North Mississippi Allstars
added: 24 Oct 2013
// gig date: 23 Oct 2013
reviewer: Andy Snipper
The Allstars were playing the 100 Club for the first time but it feels like the perfect venue for the prime exponents of ‘World Boogie’ – the stage is barely two feet above the floor, the furthest fans in the hall are no more than a hundred feet away and the low ceiling makes the atmosphere ‘intense’: I cannot imagine seeing the North Mississippi Allstars at the O2 and thankfully they have never looked like committing that crime; the 100 Club however should sign them to a residency – for life..
The place was packed for this visit and as you looked at the stage there were drums everywhere. Support act Lightnin’ Malcolm had his own set up and thoroughly entertained the swelling crowd with a half an hour of raw solo Blues with a definite Mississippi twang to it. Since he was also acting as bassist for the Allstars he was in for a busy night.

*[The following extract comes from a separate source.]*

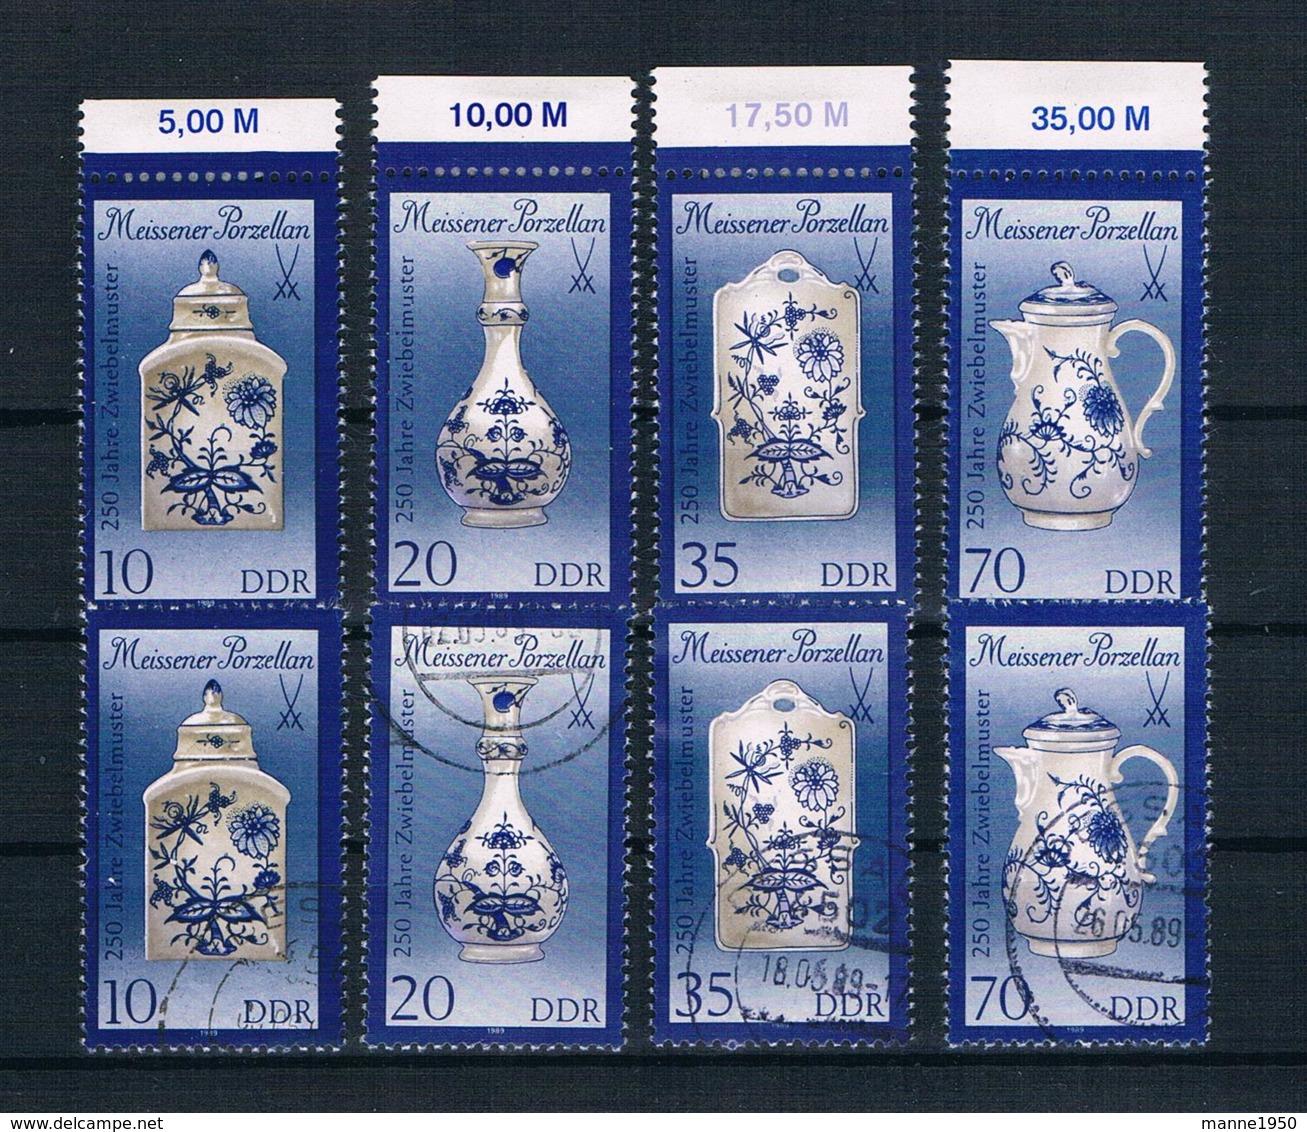 DDR 1989 Porzellan Mi.Nr. 3241/44 I Kpl. Satz ** + Gestempelt - Neufs
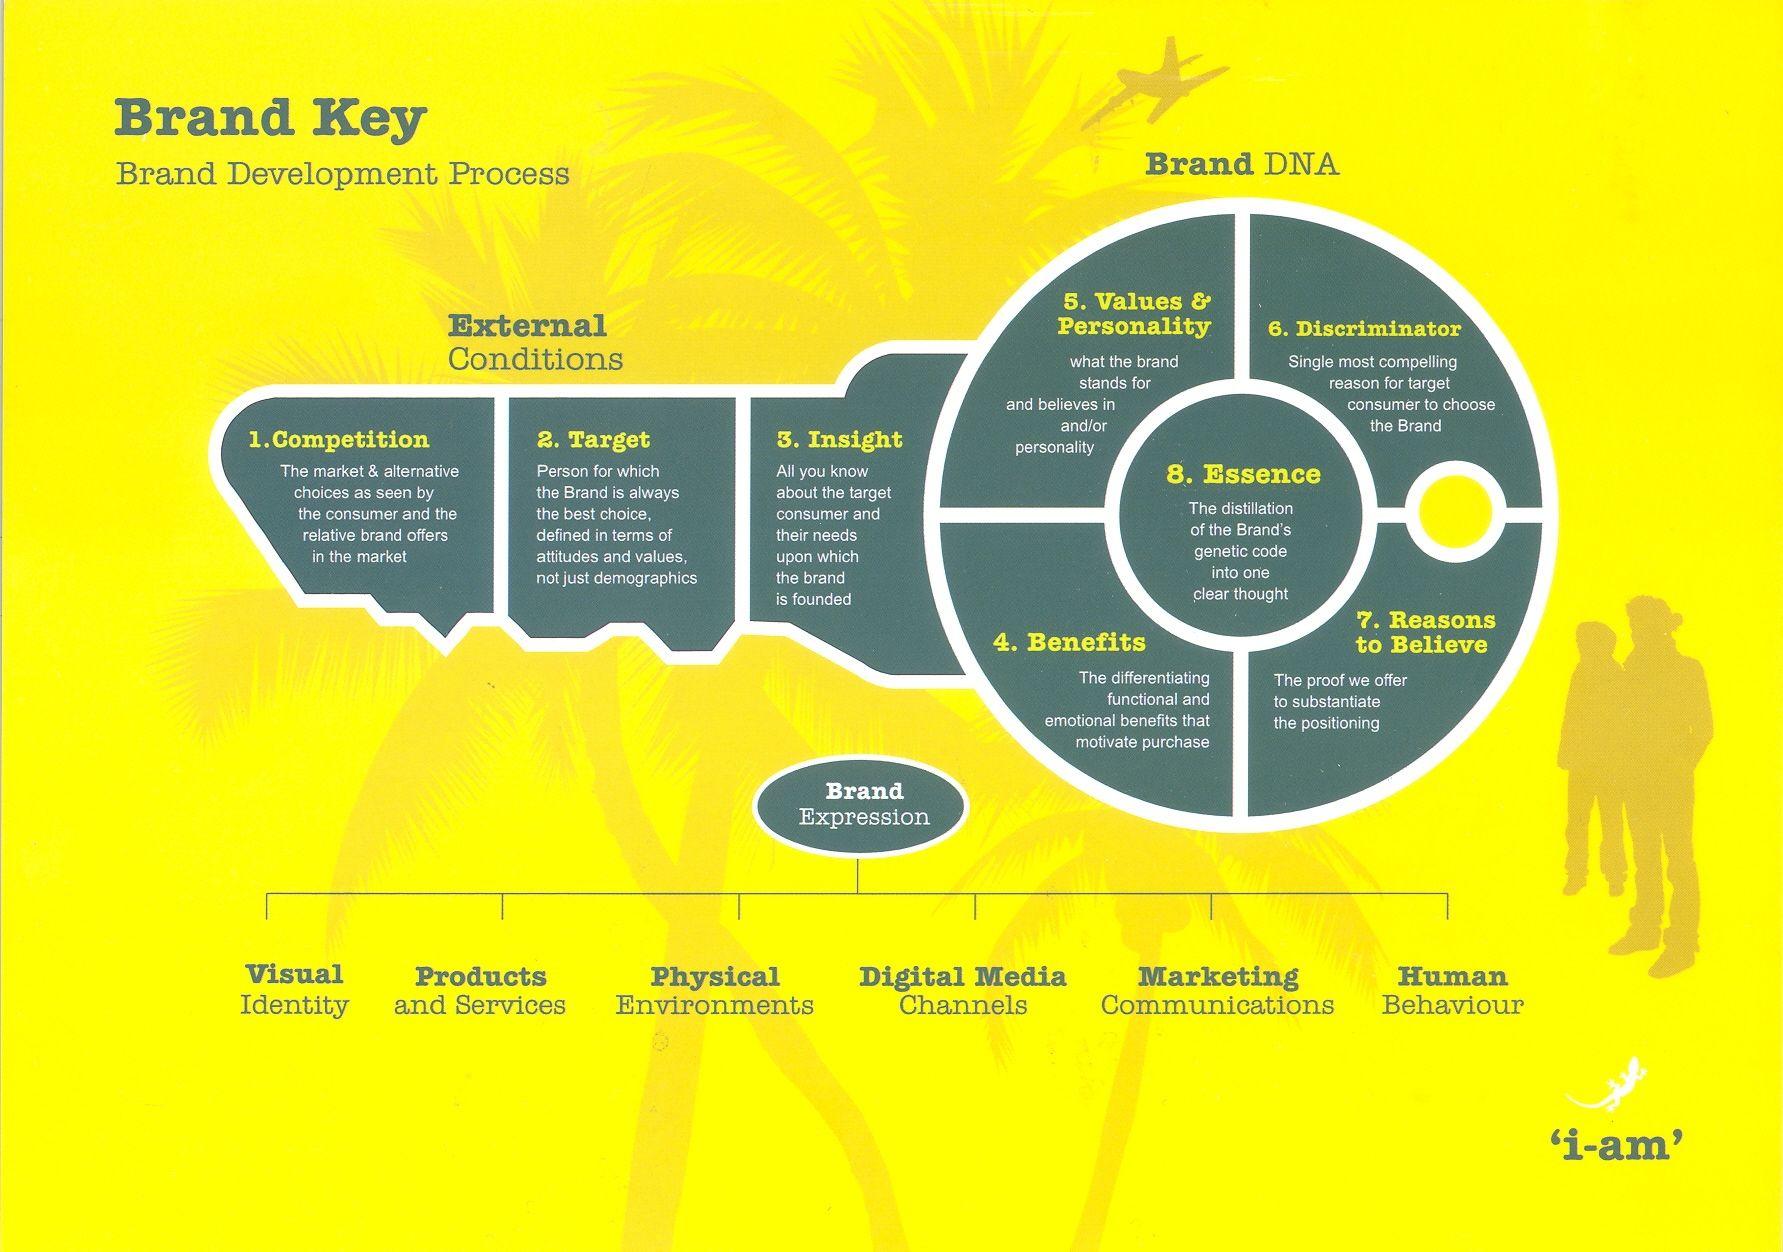 brand development strategy brand development agencies brand development consultant brand creation and development 4 brand development strategies

By the time the Allstars hit the stage the packed crowd was ready for a good time and from the off the band were on fire. The stripped down sound they have developed for the new album came from years of playing live and in a febrile atmosphere like the 100 Club it went down a storm – this band cooks like no-one else on the planet.
The set featured tracks from all across their career including numbers like the classic ‘Sittin’ On Top Of The World’ and ‘Rolling And Tumblin’ but the best playing of the evening was a stupendous ‘Turn Up Satan’ along with ‘Goat Meat’ but the songs were almost secondary to the performance that was as powerful, without excessive volume, as anyone I’ve seen.
The brothers were in all out action around the stage, swapping drums for guitars (and vice versa) and culminating with all three of them marching through and around the crowd drumming like a marching band.
Musically they were as rough and raunchy as it gets with all the showbizness stripped away and only the music remaining and it works better than you could imagine – the music has absolute integrity and the show has real fire. Luther’s guitar is underrated and he was tearing out some fine riffs and slides alongside his brother’s powerhouse drumming with Malcolm showing he is as comfortable on the bass as he is on a Telecaster.
The guy in the hat next to me in the crowd told me he was there to get his boogie down – the packed 100 Club were all boogieing with him (me too).